Deputy Minister Stakes
- Class: Restricted Stakes
- Location: Woodbine Racetrack Toronto, Ontario, Canada
- Inaugurated: 1997
- Race type: Thoroughbred - Flat racing
- Website: www.woodbineentertainment.com

Race information
- Distance: Seven furlongs
- Surface: Polytrack
- Track: left-handed
- Qualification: Three-Year-Olds (Ontario Sire Stakes program)
- Weight: Allowances
- Purse: $96,000 + (2015)

= Deputy Minister Stakes =

The Deputy Minister Stakes is a Thoroughbred horse race run annually at Woodbine Racetrack in Toronto, Ontario, Canada. An Ontario Sire Stakes, it is a restricted race for three-year-old horses sired by a stallion standing in the province of Ontario during the year of their birth. Run in mid July, it is contested over a distance of seven furlongs on Polytrack (dirt from 1997-2006) and currently carries a purse of $96,000 + .

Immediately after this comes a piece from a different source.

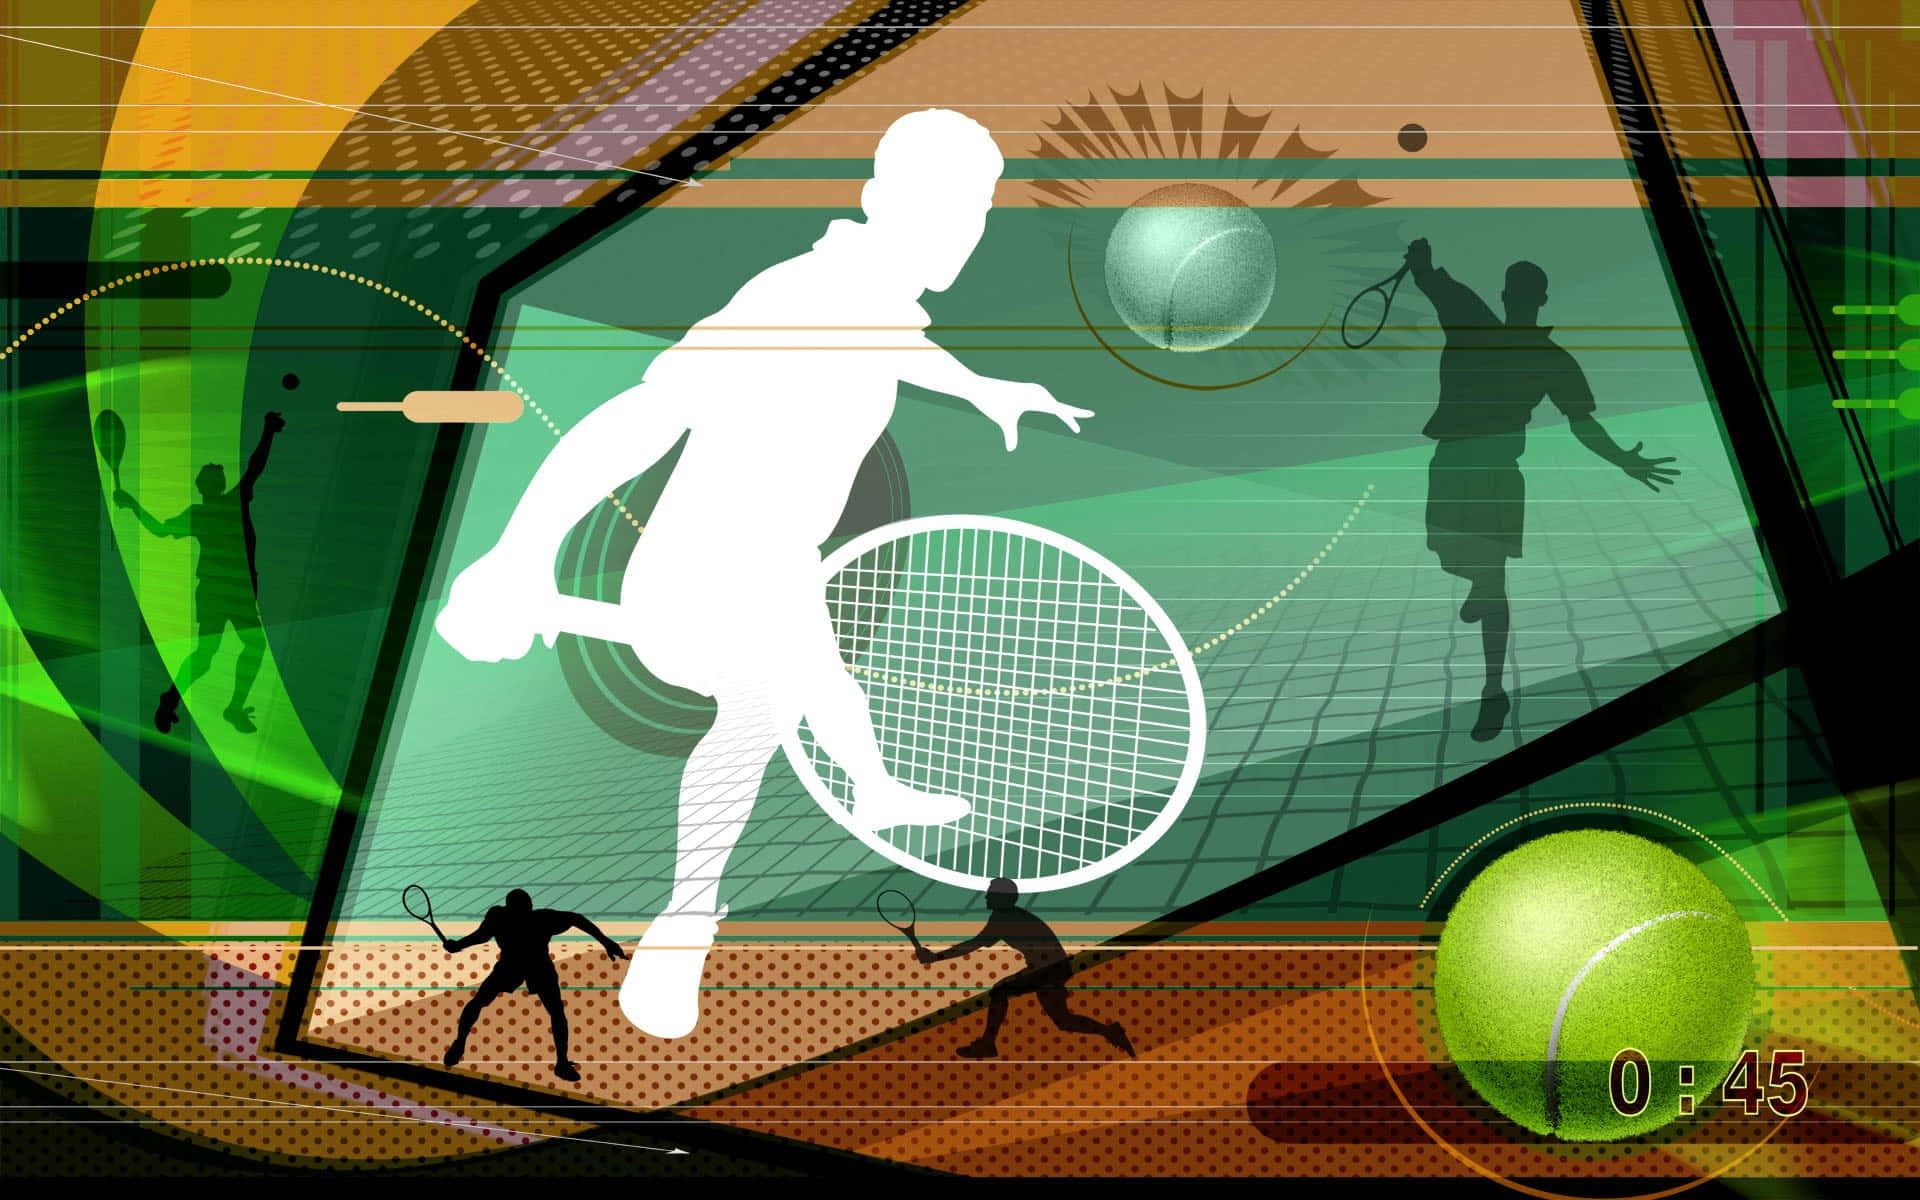 Tennis wallpaper with a player hitting a ball - Tennis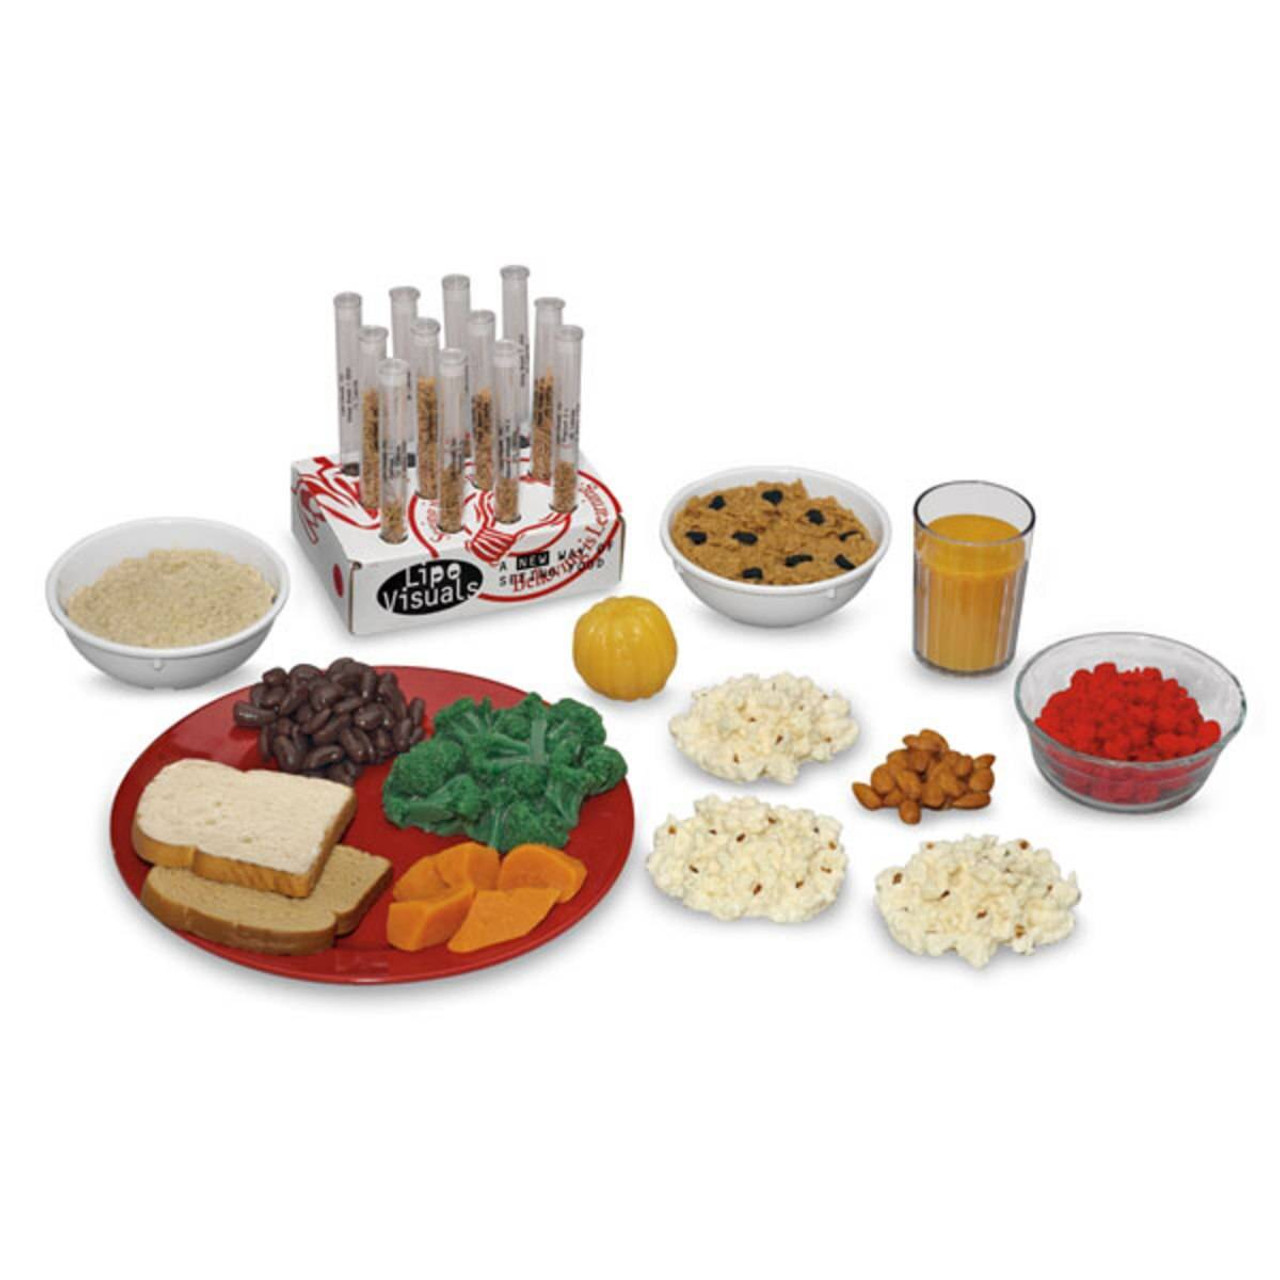 Nasco Life/form Complete MyPlate Food Replica Kit

Inaugurated in 1997, the race was named in honour of Canadian Horse Racing Hall of Fame inductee, Deputy Minister, a Canadian-bred colt who earned Canadian Sovereign and American Eclipse awards during his racing career and who became a very influential stallion. He was the Leading sire in North America in 1997 and 1998, and the Leading broodmare sire in North America in 2007.

For 2006 only, the race was contested over 7 1/2 furlongs.

==Records==
Speed record: (at current distance of seven furlongs)
- 1:21.80 - Matterofintegrity (1997)

Most wins by an owner:
- 2 - Margaret Squires (1999, 2004)

Most wins by a jockey:
- 3 - Emile Ramsammy (2000, 2001, 2002)
- 3 - Todd Kabel (2003, 2006, 2007)

Most wins by a trainer:
- 4 - Robert Tiller (2007, 2010, 2013, 2014)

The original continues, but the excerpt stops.